··· RECORDED INFORMATION
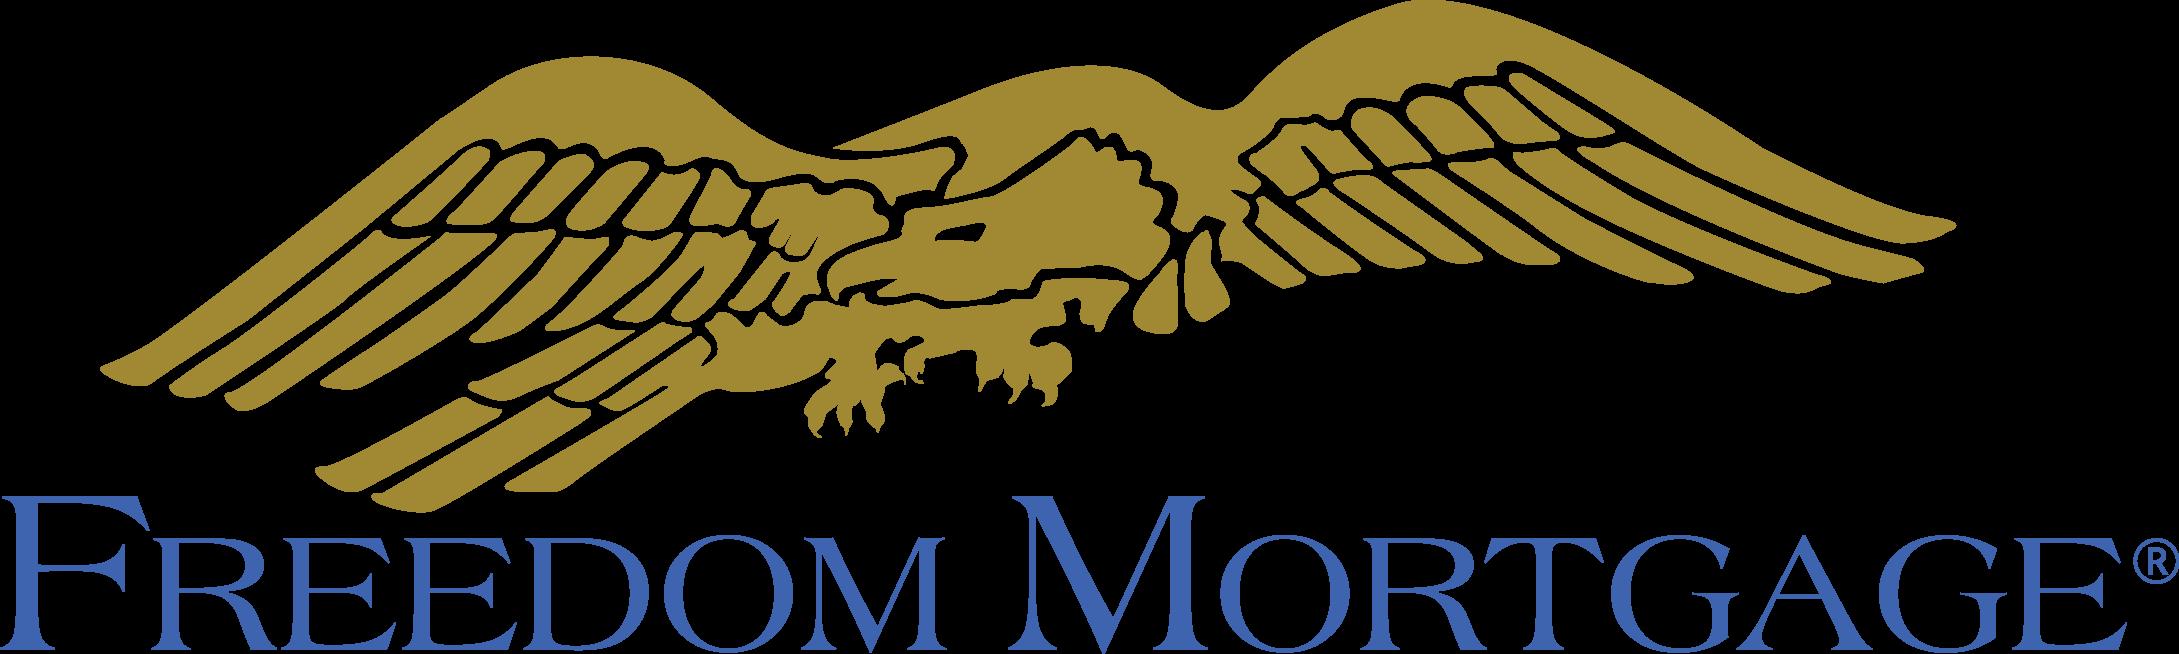 [image of company logo]
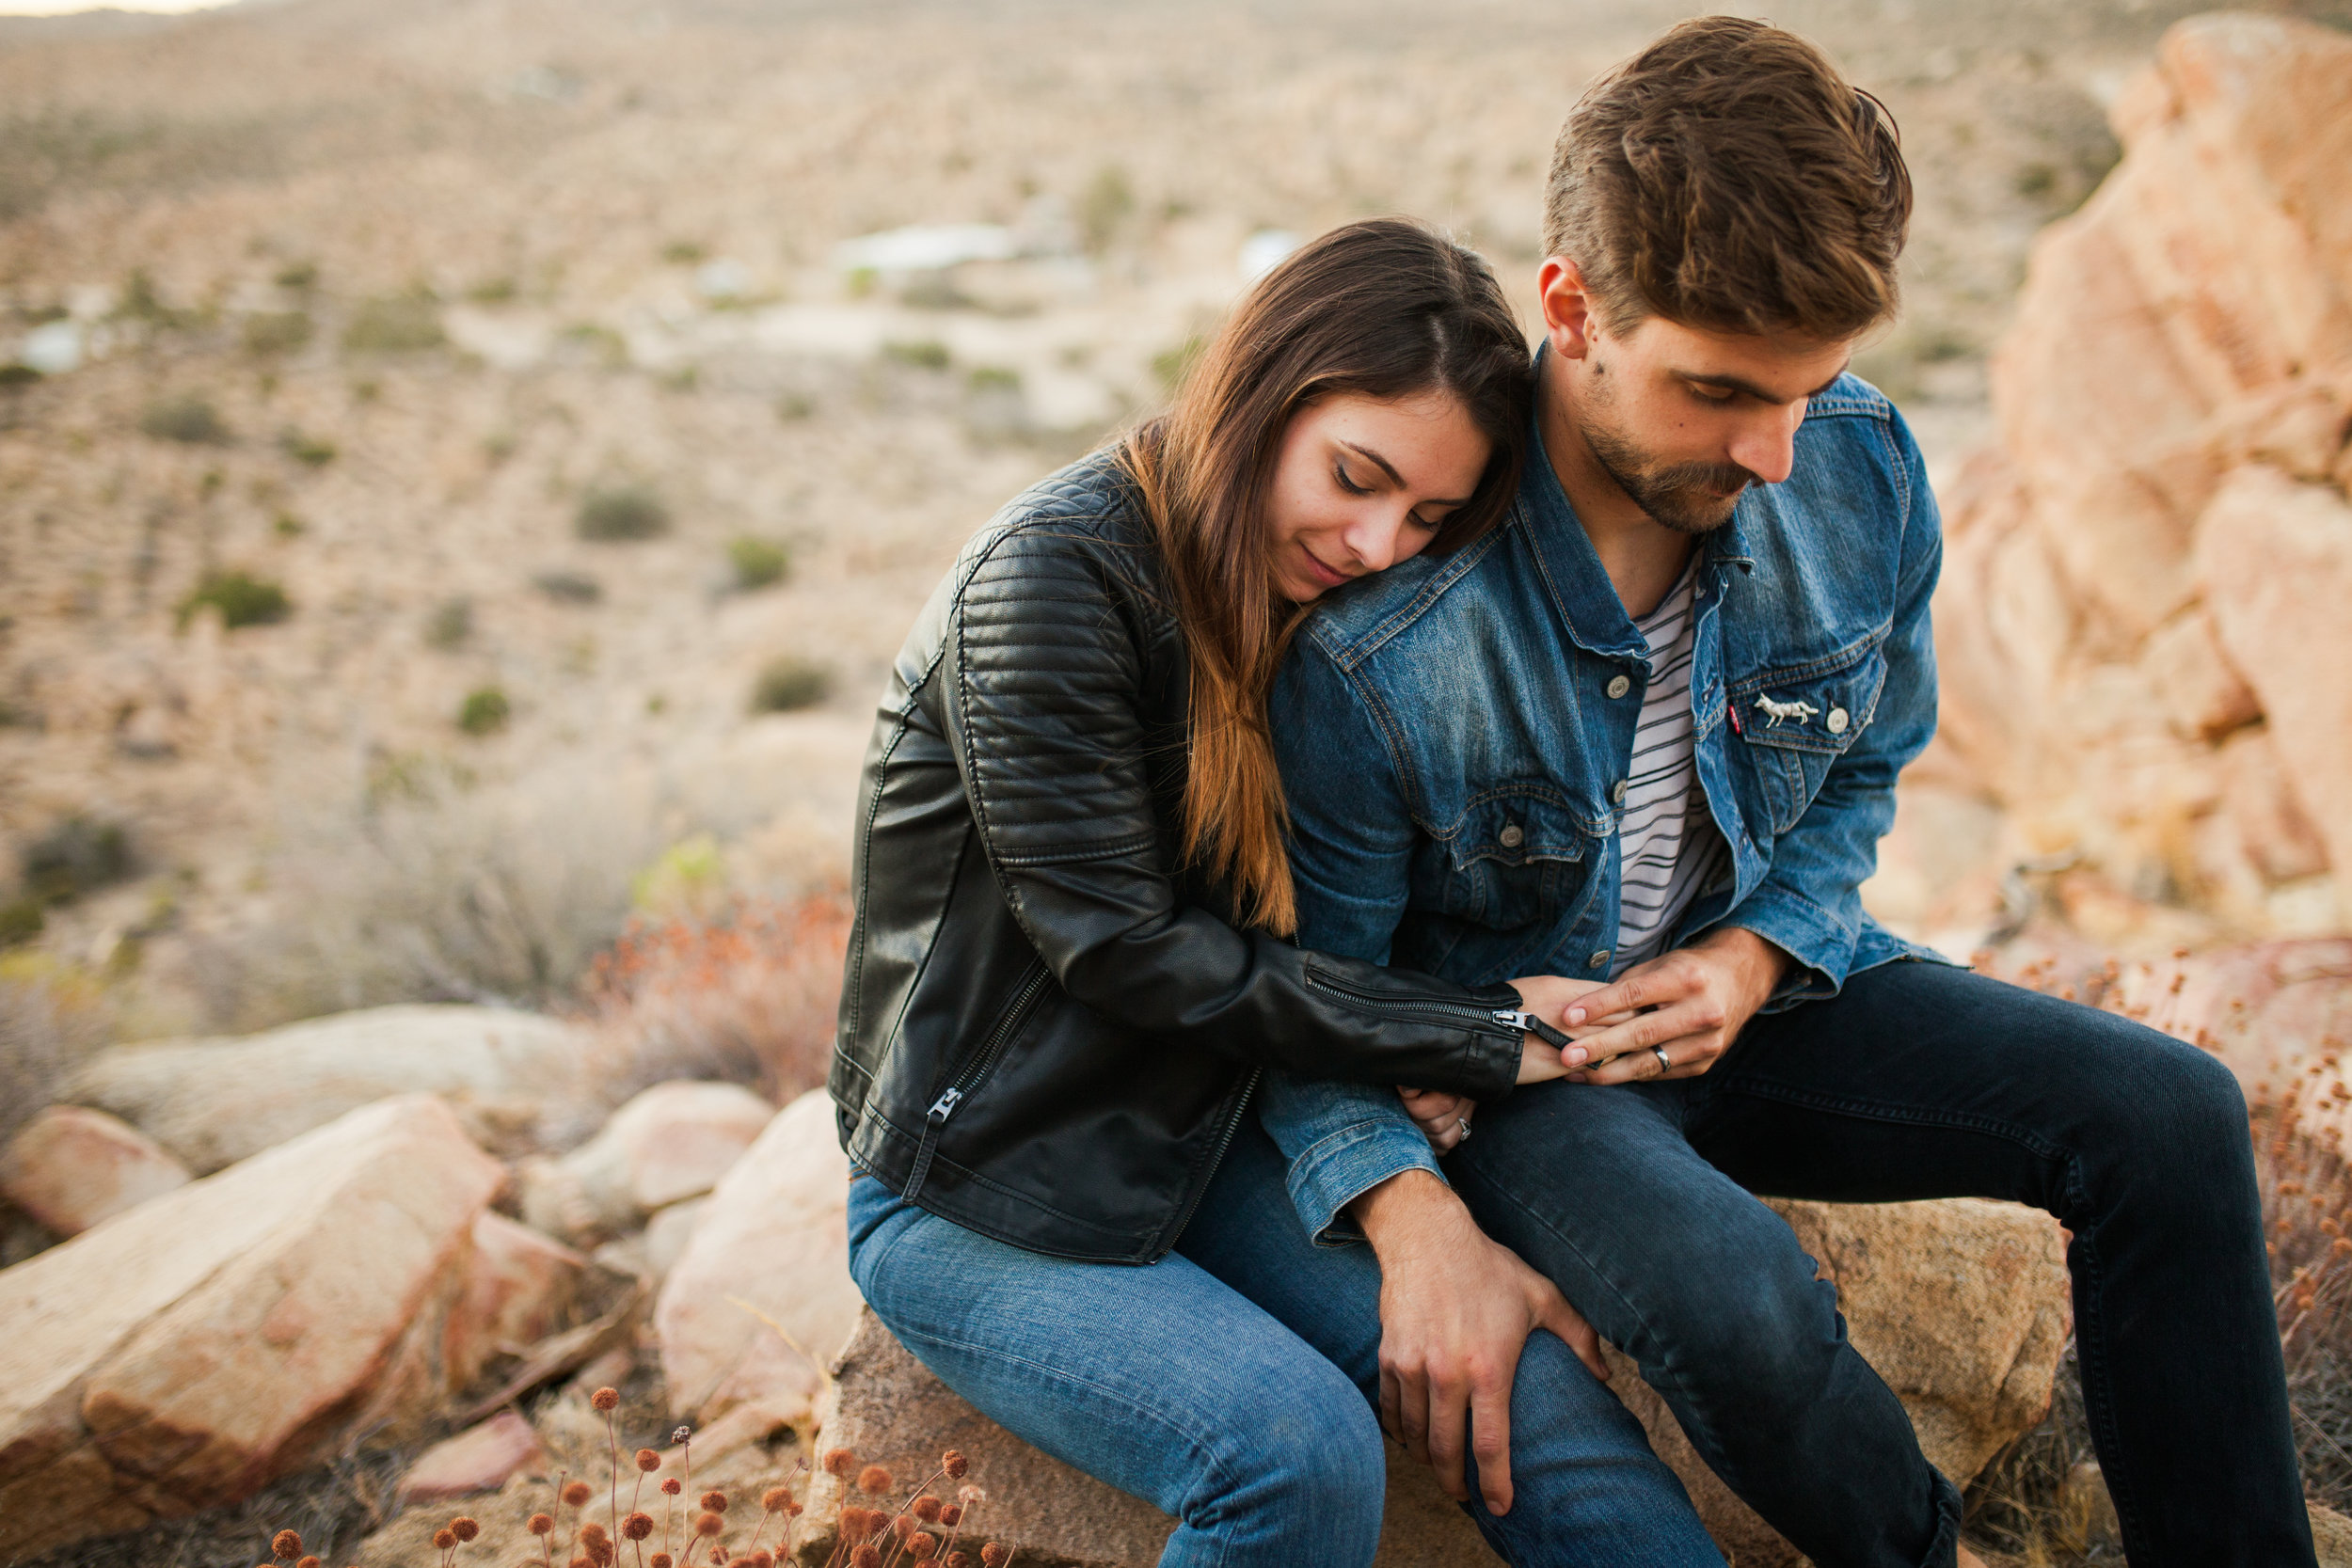 Desert Anniversary Couple's session in Joshua tree, california
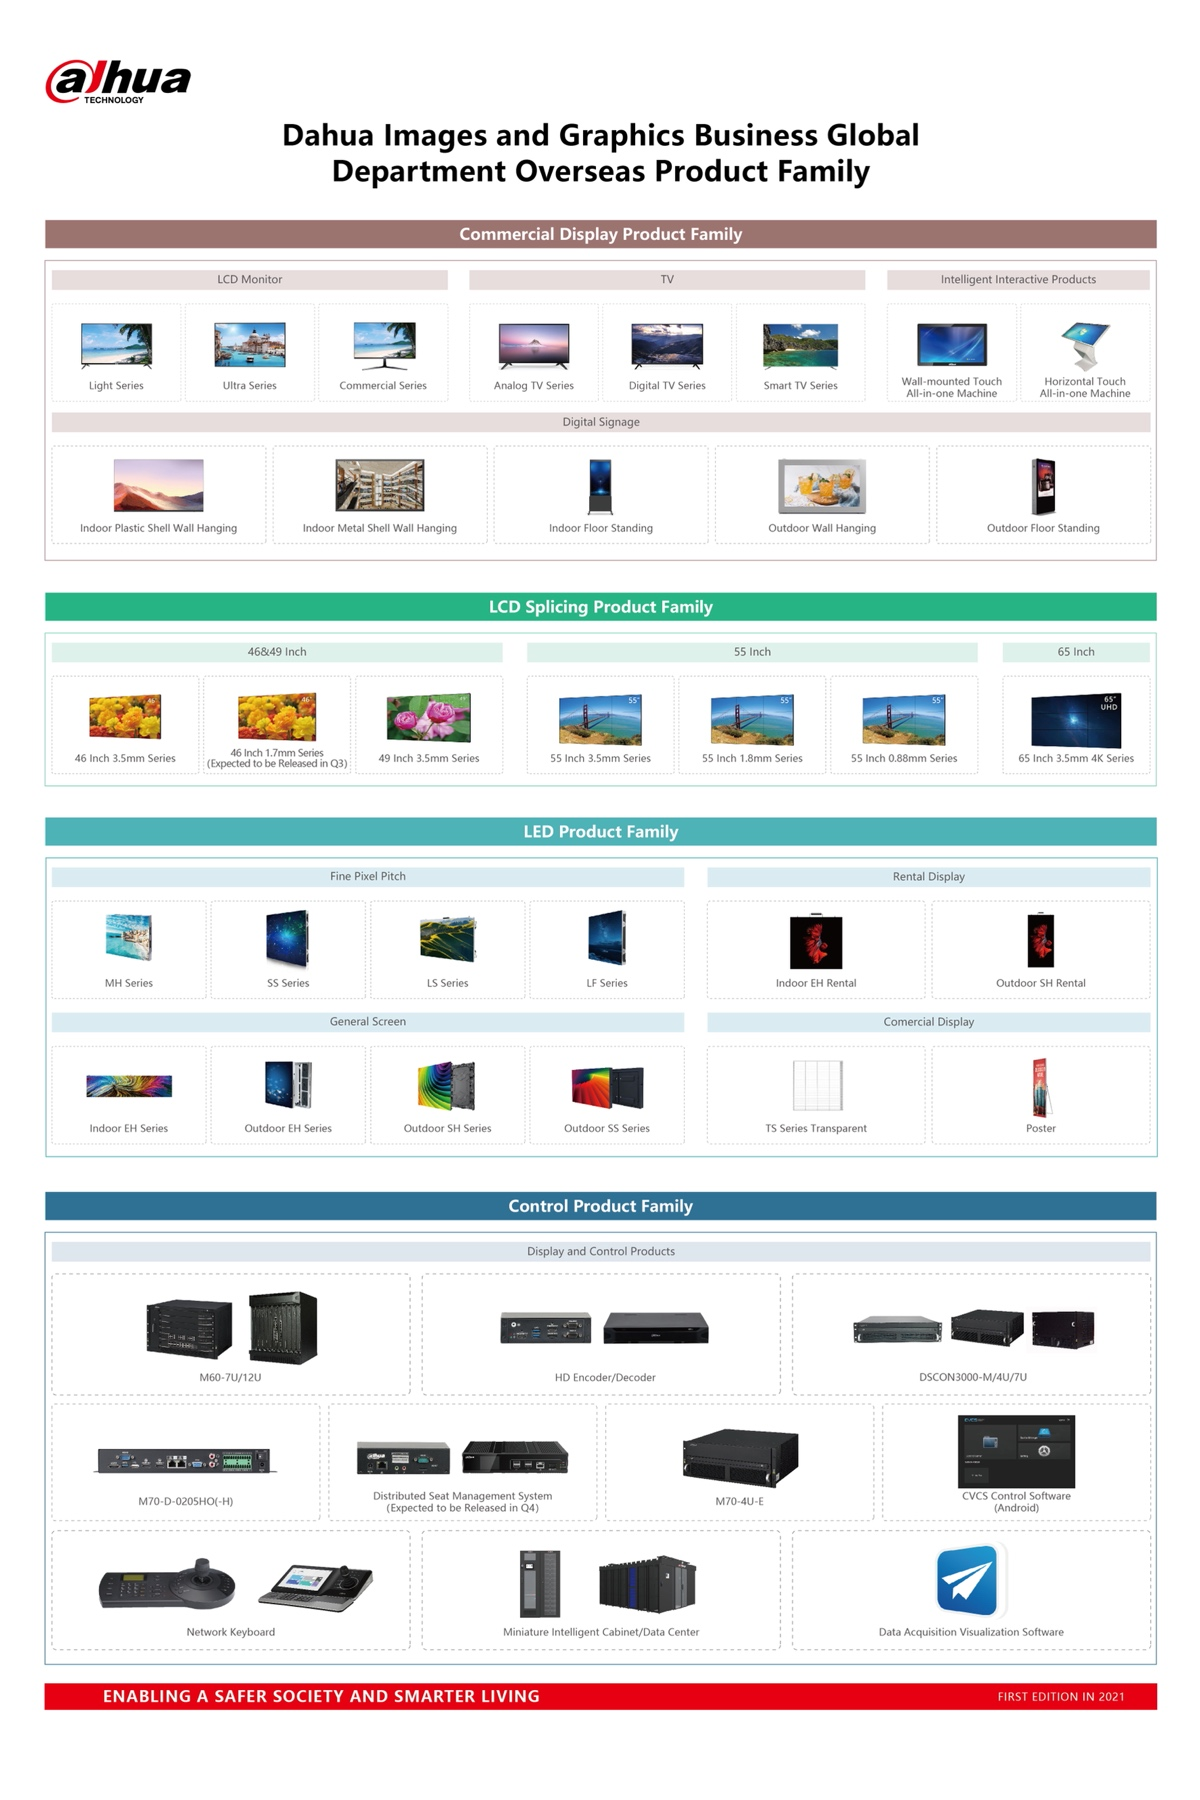 dahua technology products
······
WORK TASK:
Print the complete listing exactly as it stands, without its pictures.

SOLUTION TO THE PROBLEM:
 [image of company logo]
 Desert Anniversary Couple's session in Joshua tree, california
 dahua technology products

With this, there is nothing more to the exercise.